The OHI team therefore settled on writing all their code in the programming language R and made sure that all the code directly documented every aspect of the data preparation. The models used to generate specific assessment scores within the OHI had originally been written in several languages because of differences in the underlying data; the team replaced all those programs with new ones in R. By using the GitHub repository for these software tools, they took advantage of its built-in version control systems to ensure better organization and naming of files.
“Coding not only provides a historic record of what happened. It’s reusable,” Lowndes said. “We have scripts that will download data from a URL, and then do to that data exactly what it did to the previous year’s.” Moreover, using the same tools across models can help with communicating how it was done. The setup of the OHI compels researchers to learn and follow good, consistent practices in data science, regardless of whether they were formally trained in it.
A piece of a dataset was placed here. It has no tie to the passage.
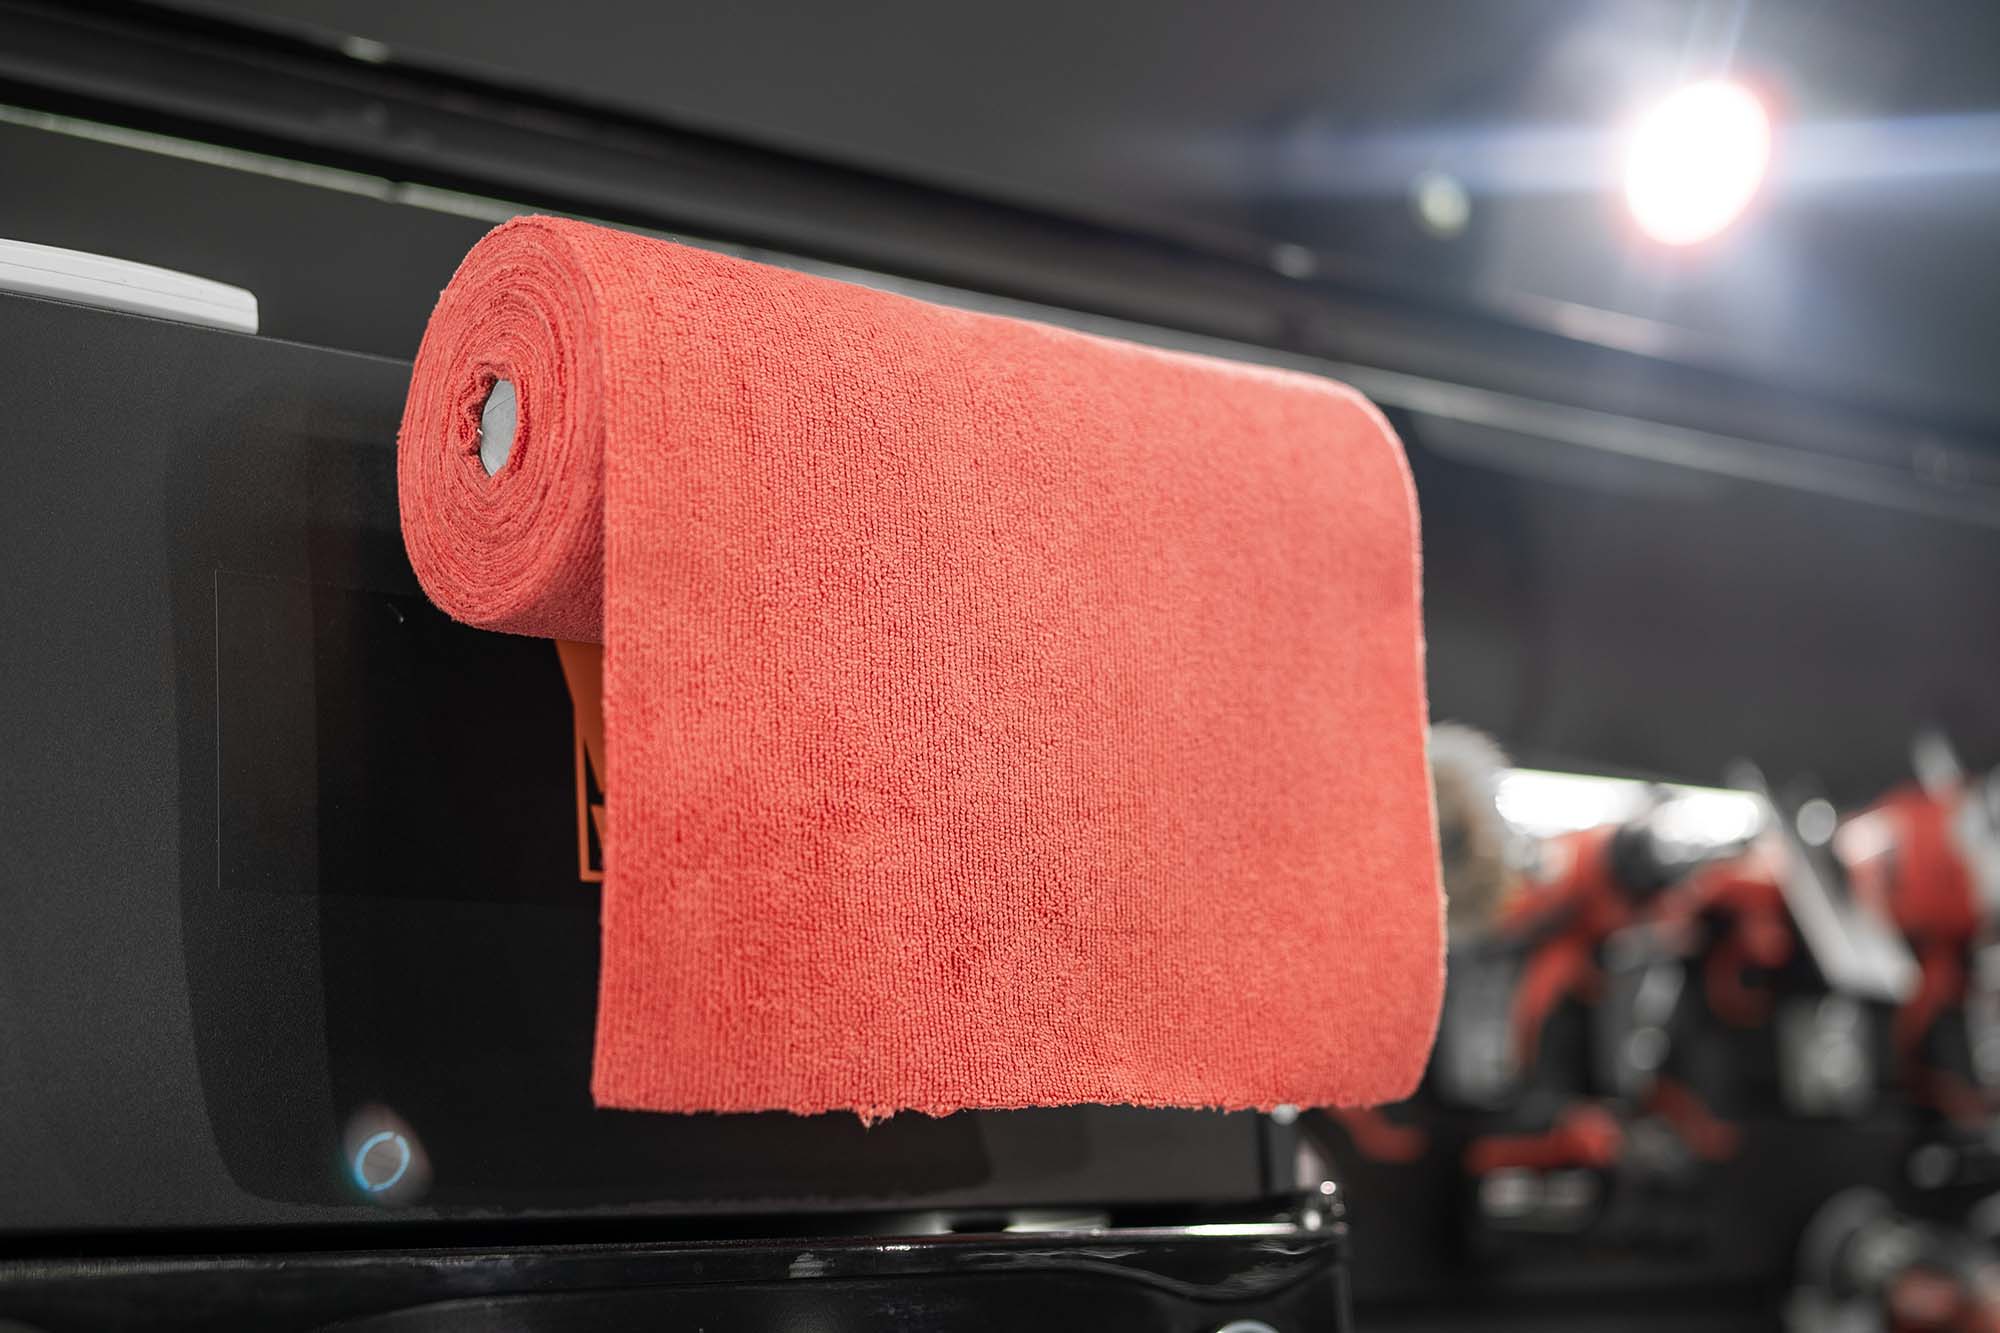 Microfiber Car Wash Rags  Car Wash & Cleaning Cloth — Autofiber
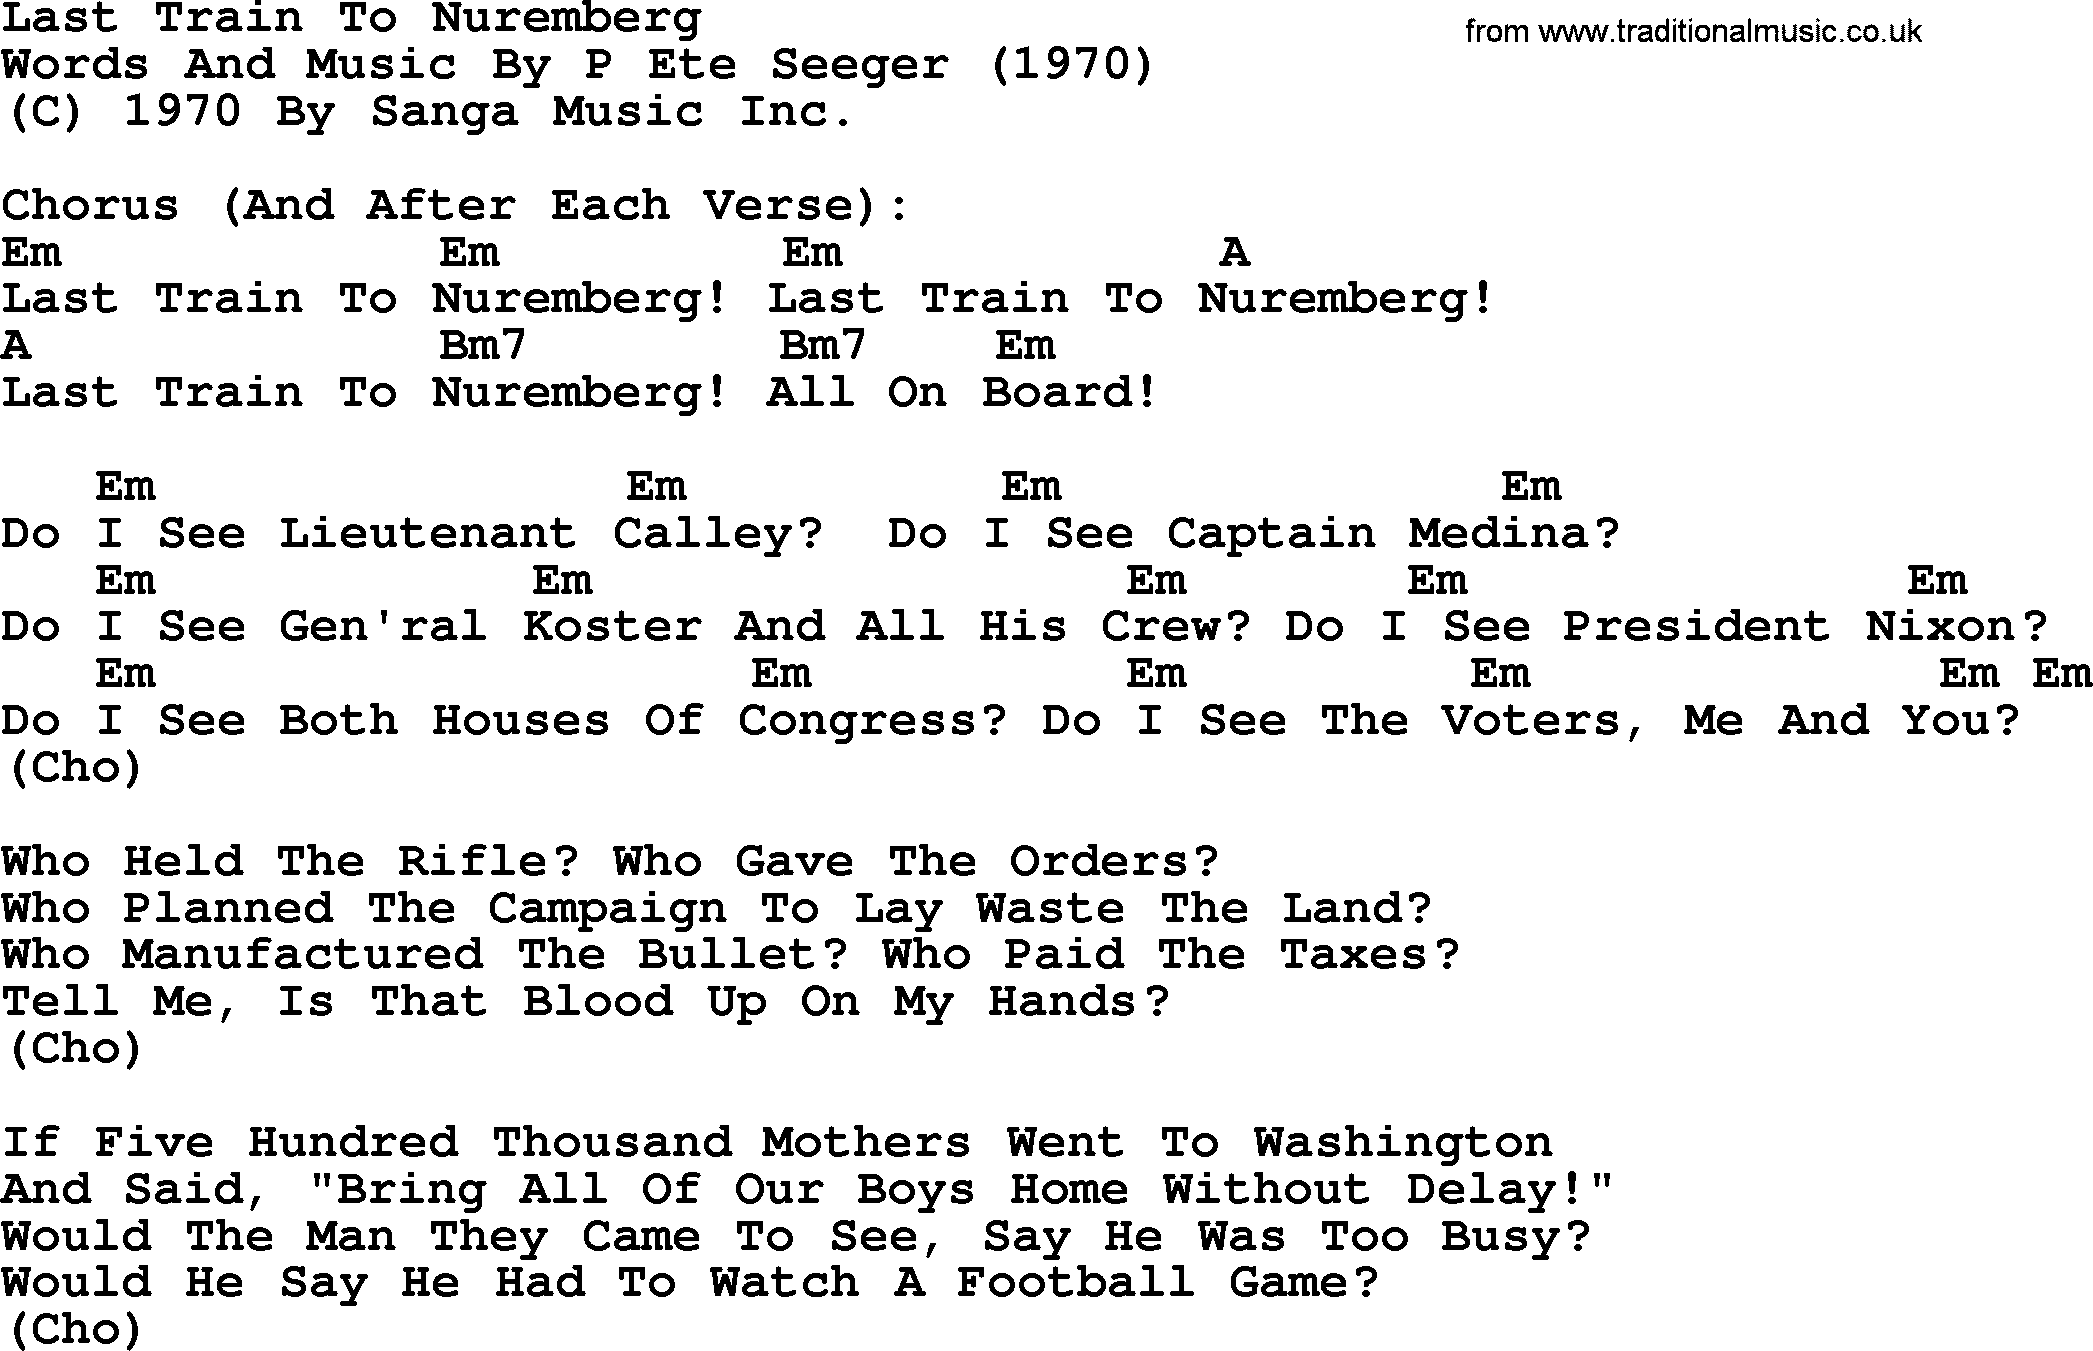 Pete Seeger song Last Train To Nuremberg, lyrics and chords

As a result of these procedural improvements, the OHI team was able to release its 2013 update on schedule and to follow up with three more annual updates. Results of the fifth OHI were announced last December. With each iteration and refinement in the procedures, the researchers found they could do better science in less time.
One quiet sign of the success of the open data science approach for the OHI is a note on the project’s website that the 2016 global ocean health assessment score of 71 had essentially not changed since 2013. (The 2012 score has also been reevaluated as 71.) Thanks to the transparent coding in the OHI procedures, researchers could easily recalculate the previous scores by the updated methods used in 2016. The general health of the ocean may not be noticeably improving year to year, but the handling of data for studying it is.